It's been a Blah kinda day. I ran my werewolf game tonight and even though we had our tangents I think it ran smoothly. I was the mostly guilty party on the rants of tangentalism that had nothing to do with the game. I am going to have to weed out the people that don't even call to let me know they aren't going to make it. It sucks too, I enjoy having all of my players there but showing for one game every 2 or 3 months is a bit taxing. My plot line ends up going nowhere because at least one person almost every game is playing catch-up. I now realize why people don't like big gaming groups. If I could just get everyone to show for at least 2 games a month that would be fabulous. I tried the 2 games a month thing but I ended up having a harder time getting back into the groove of my story that way and most of the players couldn't remember all the really big details in the prior game. It takes it's toll on everyone after a while.
I have kept to my schedule of playing in only one game a week though. I run one and play in one. It's more enjotable choosing quality orver quantity. I've been in the past in up to 4 games a week. You end up getting burned out on it real fast. The people that don't normally get under your skin start getting under your skin especially if you play in the same gaming circles. The only downside to that is you find out which people are your gaming friends, your aquaintences and your true friends that way. It's harsh but true. I haven't dropped a line with alot of former gaming buddies though. Feel kinda guilty about that. The last gaming group I left probably thinks I hate all of them for the most part. Don't listen to the rumors. All of you have been in my thoughts. If they are reading his and want the truth just ask the source. If you could give two shits and don't bother after 6 months then I get the drift that you don't want both sides and thats fine. You don't ask, I won't bother letting ya know.

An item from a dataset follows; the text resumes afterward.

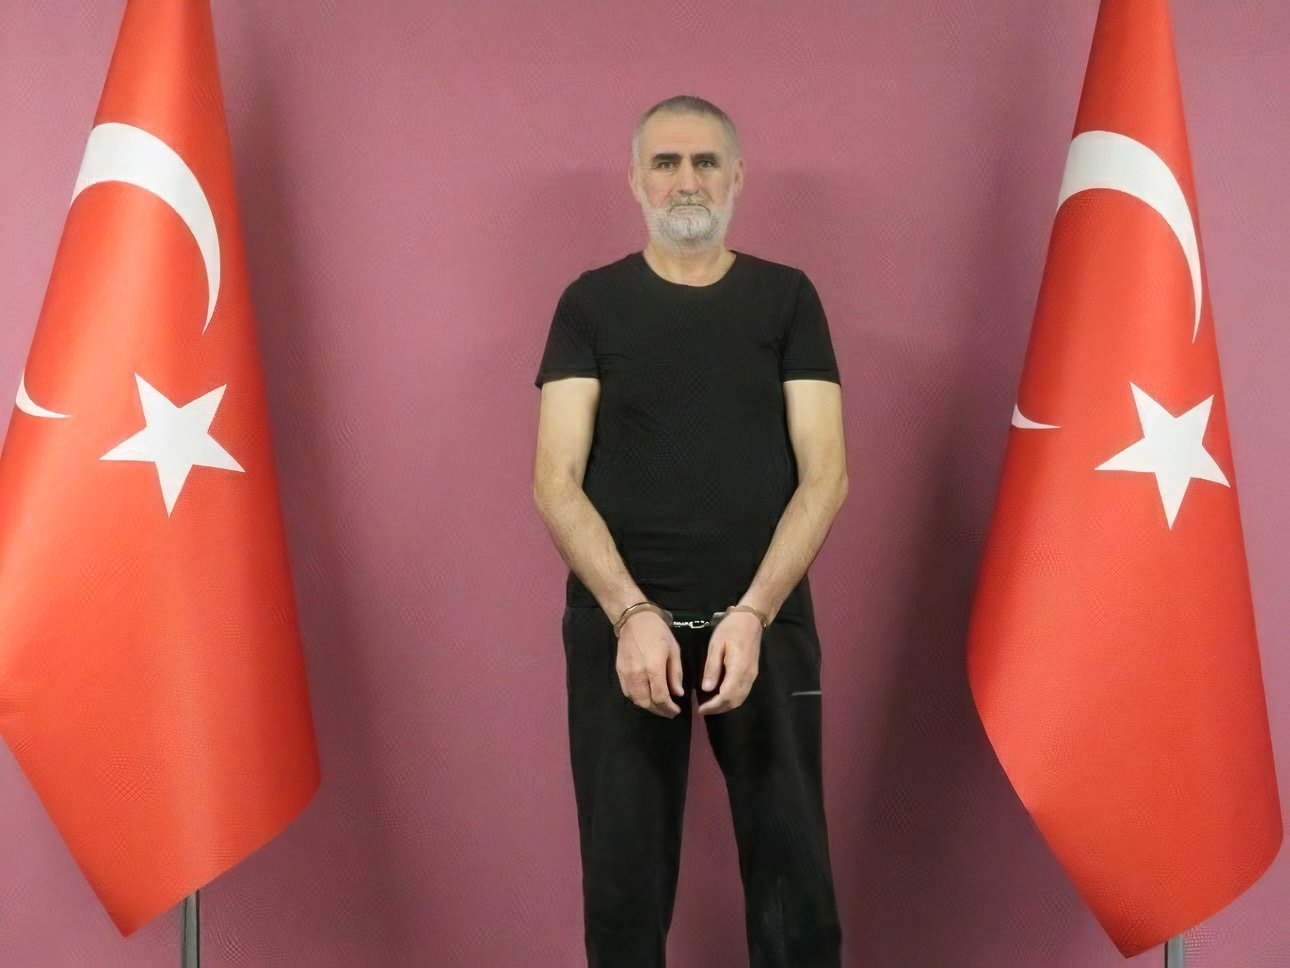 Senior Daesh terrorist Kasım Güler poses in handcuffs after being detained by Turkish intelligence, unidentified location in Turkey, June 15, 2021. (AA Photo)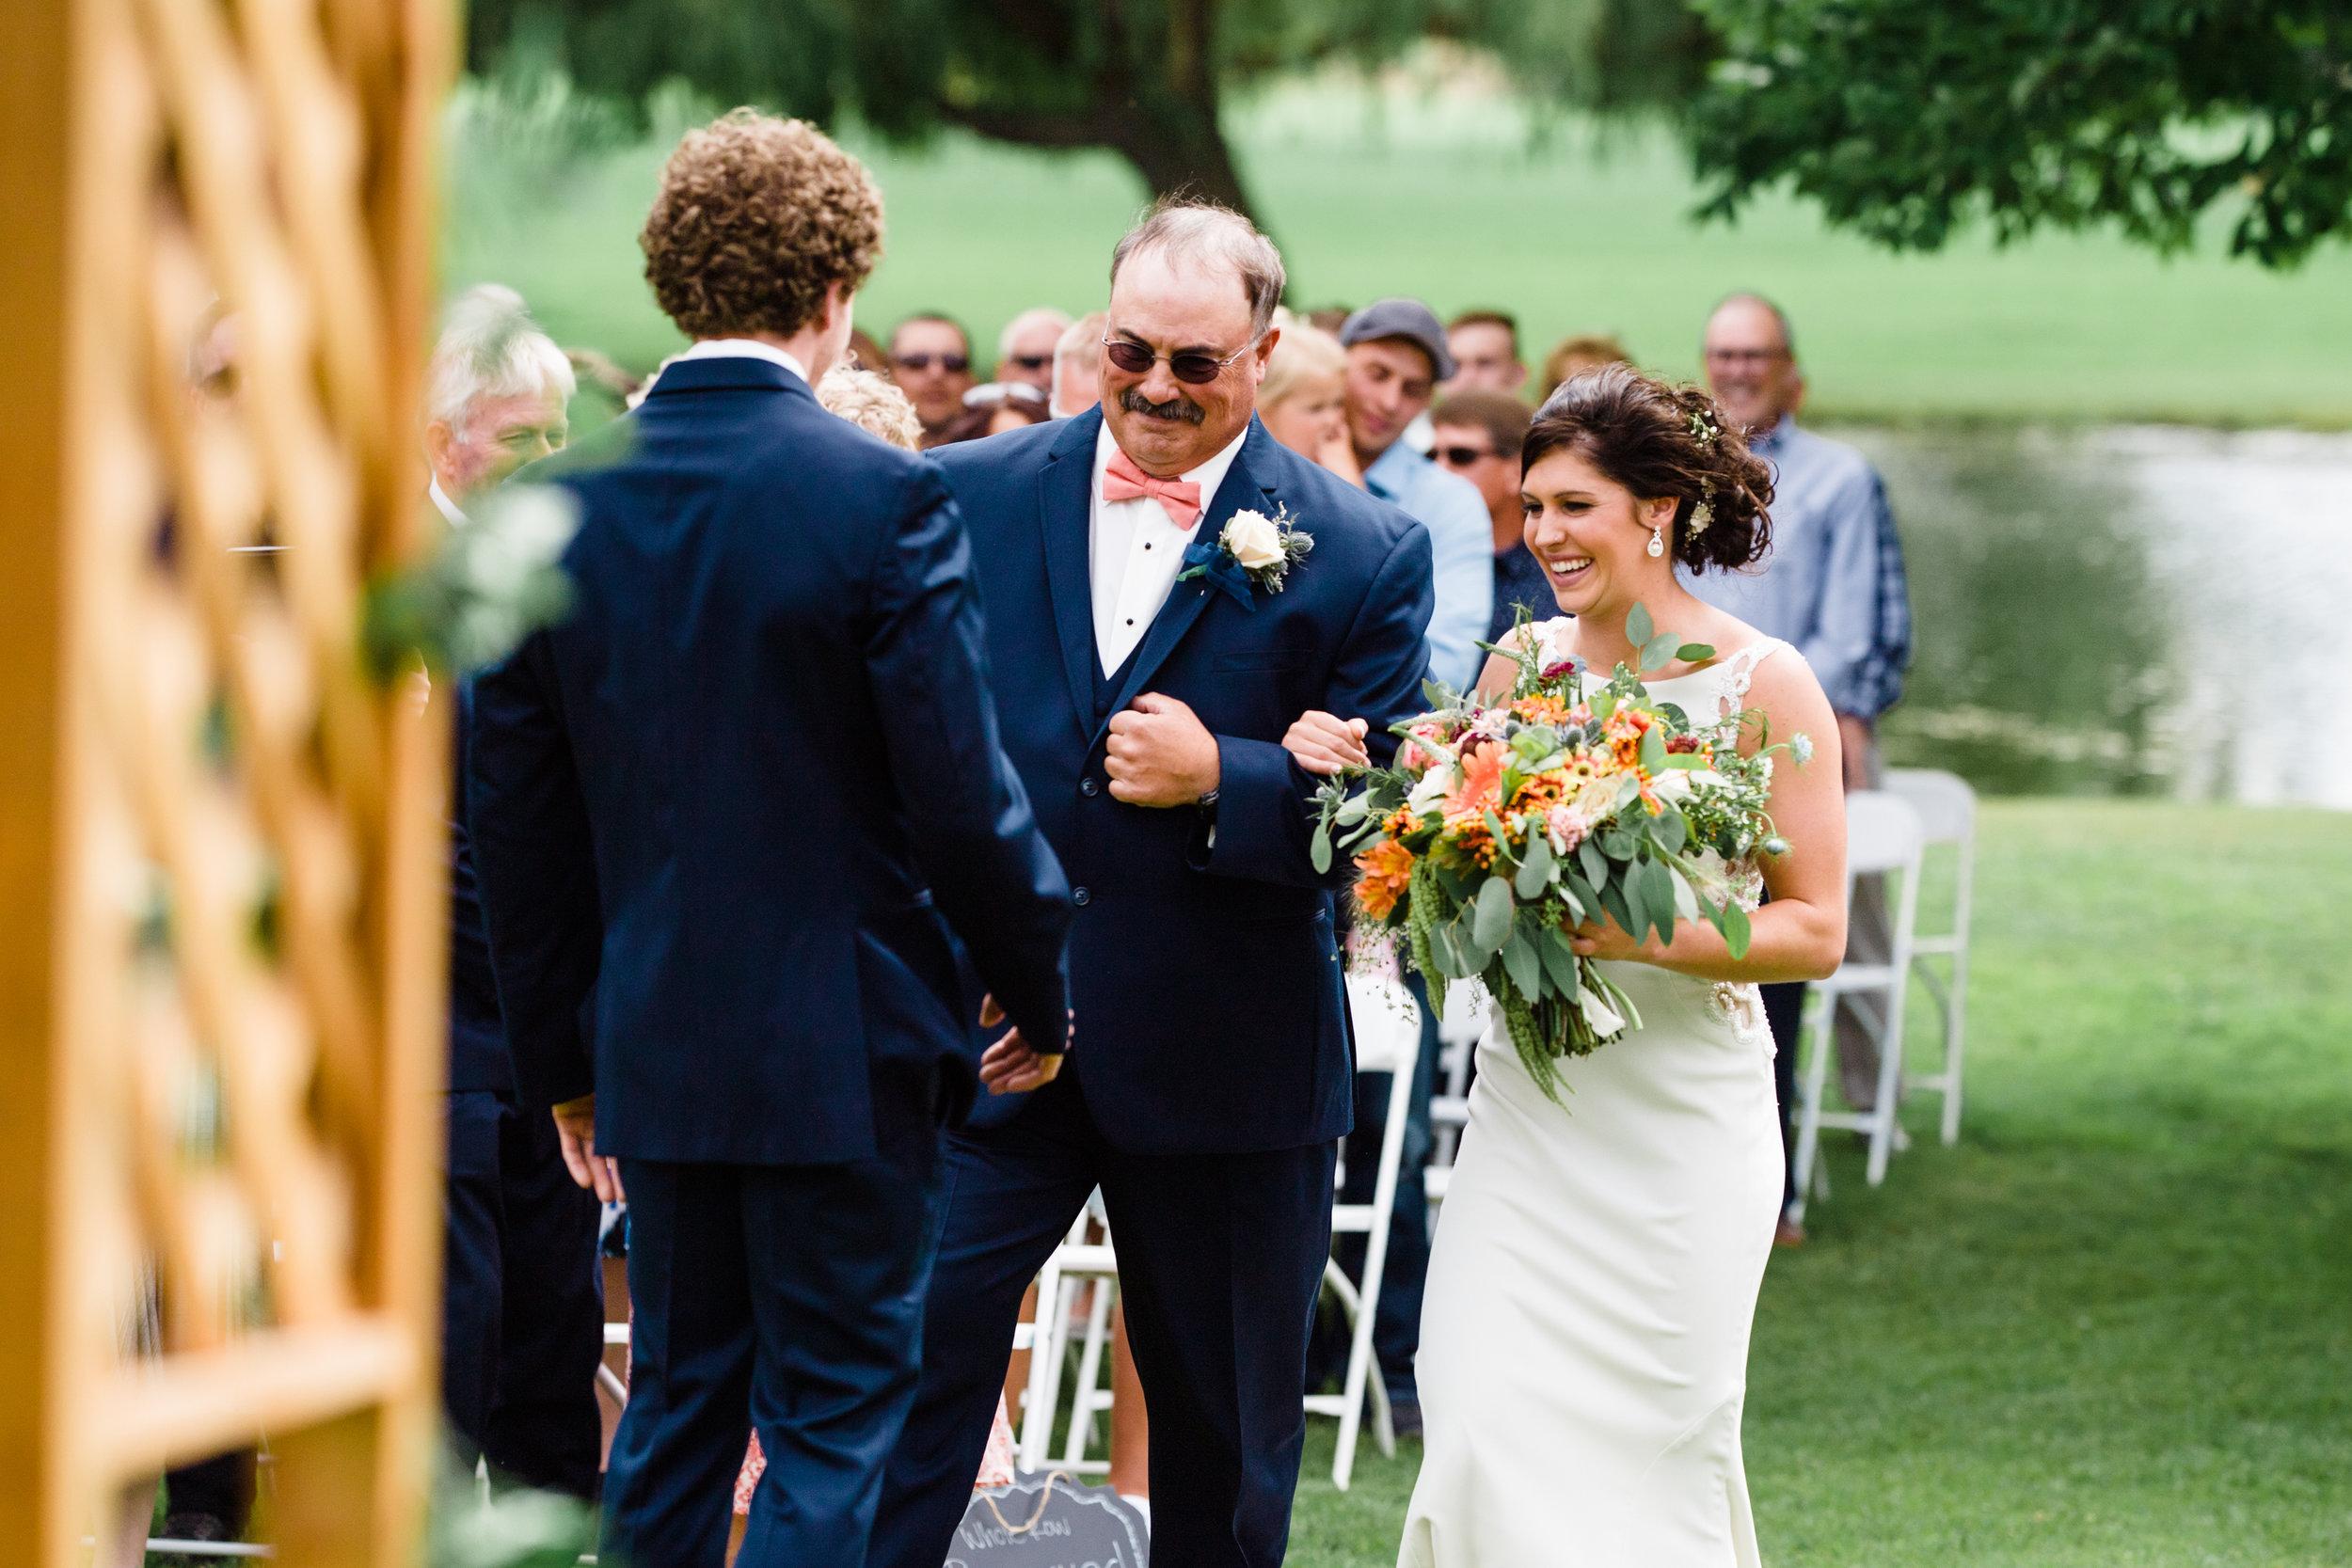 110The Barn at Finley Point Wedding_Montana Wedding Photographer_Katy & Bryce_July 20, 2019-243.jpg

This blog seems to be taking a turn away from gaming of any kind. I have stumbled upon the realization that all of the people I have made friends with I like even though I may not hang out with them on a regular basis... or even hang out with them at all anymore. Sometimes I wish I could be at 30 places at once. I have a metric fuck ton of good memories that I will hold onto for the rest of my life. On one hand if I were to spend time with a different buddy every day for the next year it would leave about 3 months out of the year for spending time with my son. That would make for a very shitty mom move on my part. On the other hand I dislike that I cannot spend more time with those I care about if any at all. I only hope that those people don't end up thinking I don't want to associate with them anymore because of this. Life comes at you fast and you can't always dodge the speed bumps. I do hope that when I pass on that people don't resent me for whatever reason they would. I wish nothing but the best of what they reap for themselves. Remember kiddos you do reap what you sow. By the Gods I try my damndest the sow the right things and learn from what I've screwed up but we are not always given that chance; especcially if you don't know how you screwed it up.